Многим из этих ребят посчастливилось уцелеть в лето страшного морового поветрия, некоторые народились позже, все с детства знали в лицо маленьких князей Дмитрия с Иваном и двоюродных им Ивана и Владимира. А подрастут — и узнают друг друга покрепче, не только в лицо да по прозвищу. И все почти станут помогать своему князю и господину в делах ратных и мирных.

В год возвращения из Орды Ивана Ивановича Красного отбыл в Киев митрополит Алексей. Поездка была вынуждена тем, что в литовских пределах снова самоуправствовал Роман. Да и вообще в отношениях Москвы с Литвой явно назревало неблагополучие. После того как московские полки выбили литовцев из захваченной ими порубежной Ржевы, Ольгерд приступил к стенам Смоленска, повоевал Мстиславль, а сын его Андрей, князь полоцкий, снова занял слабо укреплённую Ржеву.

В Киеве, где теперь во всём слушались Ольгерда, с митрополитом поступили бесчестно — три долгих года протомили на положении узника.

А как именно сейчас не хватало его в Москве! Подростком умер Иван, старший сын покойного князь-Андрея, Дмитриев двоюродный. А в осень 1359 года неожиданно занедужил сам великий князь. Ему было всего тридцать три года — самый цвет молодости и красоты, — и всего шесть лет пробыл он у власти.

Летописи не оставили ни слова, ни намёка о причине скоропостижной смерти среднего из сыновей Калиты. Томил ли Ивана Ивановича давний недуг? Или в гостях у Бердибека попотчевали чем-нибудь особенным? На такое ведь водились там искусники и в прежние времена. И князь Александр Невский когда-то вернулся из ханской столицы смертельно больным. И отец его, отравленный в Каракоруме, умер по дороге на Русь. Но ни тогда, в XIII веке, ни теперь, в XIV, лекари посмертных заключений не составляли.

Твёрдо можно сказать лишь одно: в Орде не были довольны тем, как Иван Иванович вёл себя в последние годы. Очень уж решительно пресекал он злочиния ордынских послов на Руси: добился, чтобы хан отозвал восвояси «лютого» Алачу, а когда пожаловал на Русь с посольскими полномочиями царевич Мамат Хожа, причинивший много зла Рязанскому княжеству, Иван Иванович и царевича осадил — «не впусти его во свою отчину в Руськую землю». Как видим, подобное поведение великого владимирского князя не увязывается с бытующим представлением о его слабоволии и кротости.

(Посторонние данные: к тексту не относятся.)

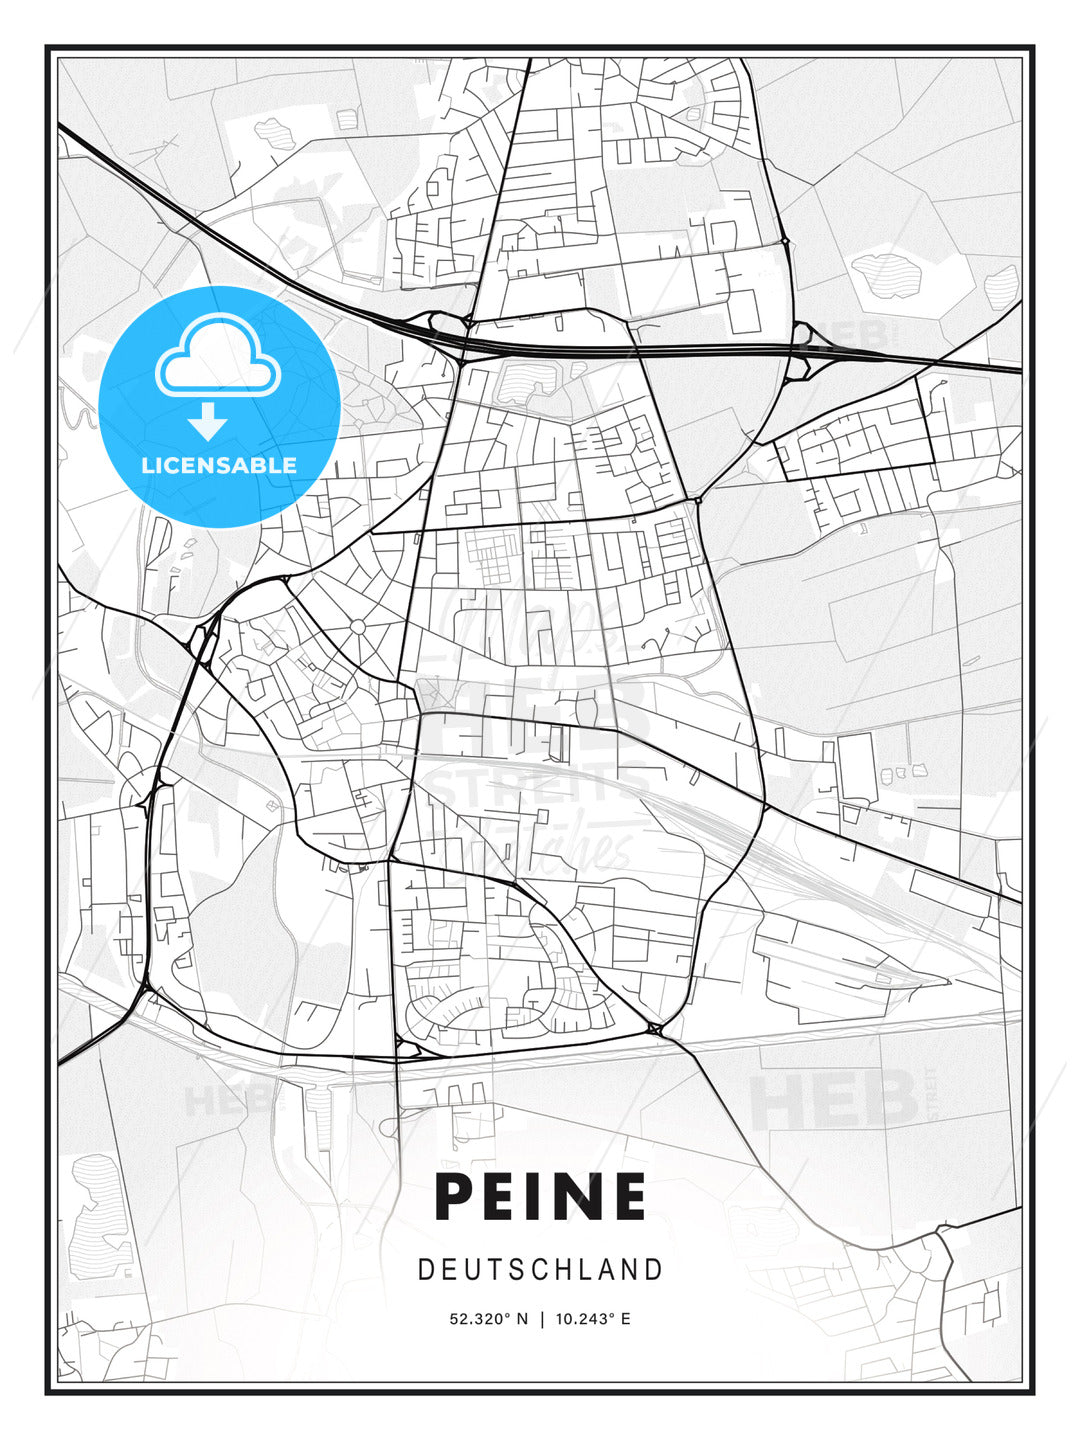 Peine, Germany, Modern Print Template in Various Formats - HEBSTREITS Sketches
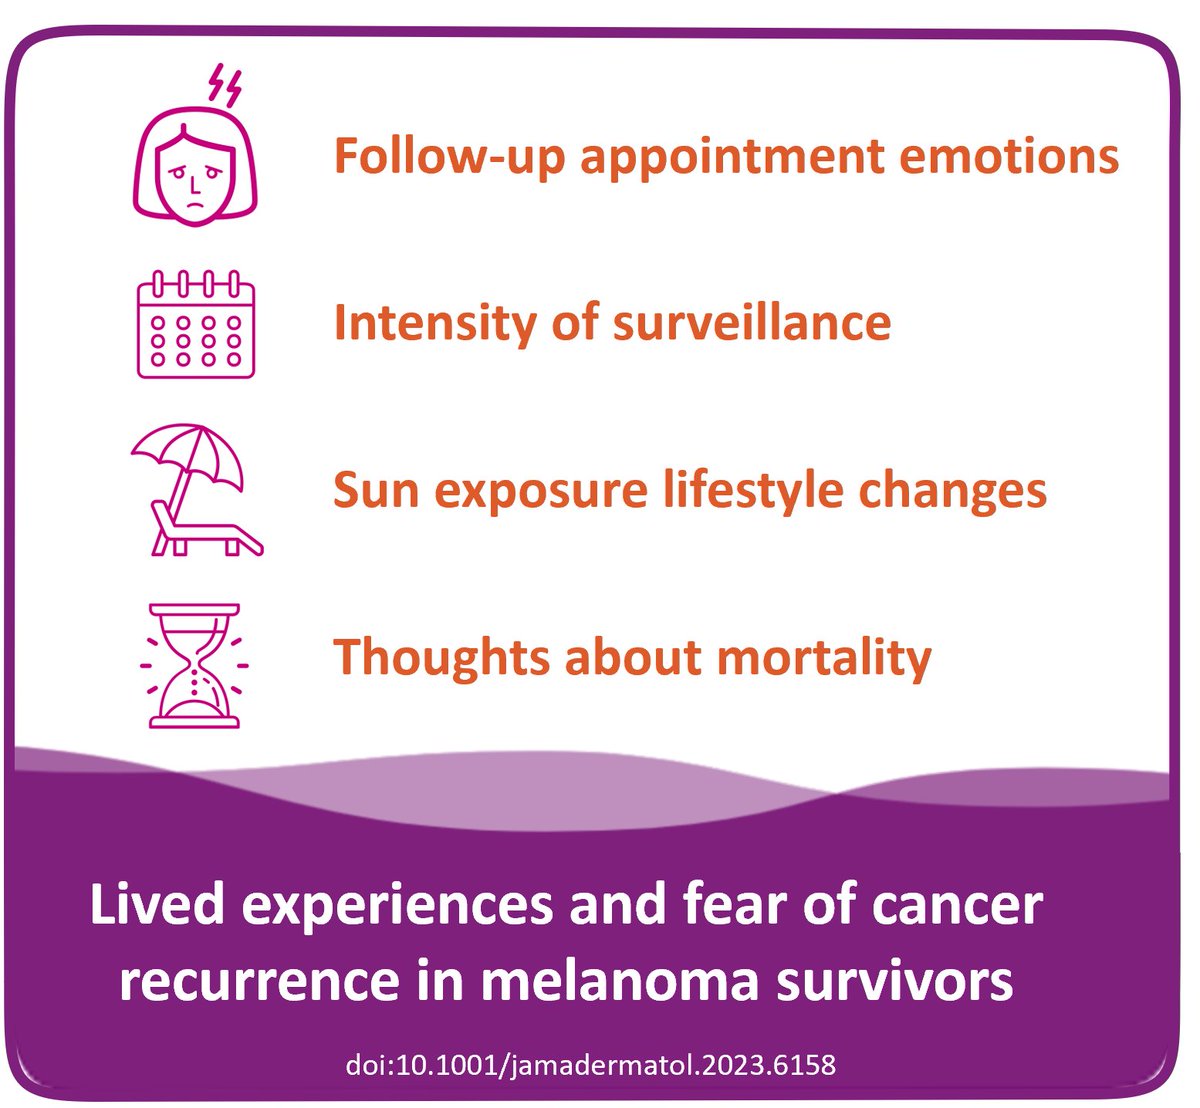 Recent survey data in @JAMADerm revealed that early-stage melanoma patients, despite excellent prognoses, had intense negative psychological experiences. bit.ly/3T8beTS. #AMBLor can provide reassurance to those found to be at low risk of disease progression.

Вдруг оказалась Москва без взрослого князя. Дико было как-то и помыслить, что с завтрашнего дня станет в княжеском дому старшим малолеток Дмитрий в его неполные девять лет. Собирали, собирали Москву, и вот стоят посреди неё гробы, а у гробов дети несмышленые.

VIII

Иван Иванович успел составить духовное завещание. Возможно, сделал он это на всякий случай — так было принято — ещё накануне последней поездки в Орду: «Пишу душевную грамоту, ничим же не нужен, целым своим умом, во своем здоровье».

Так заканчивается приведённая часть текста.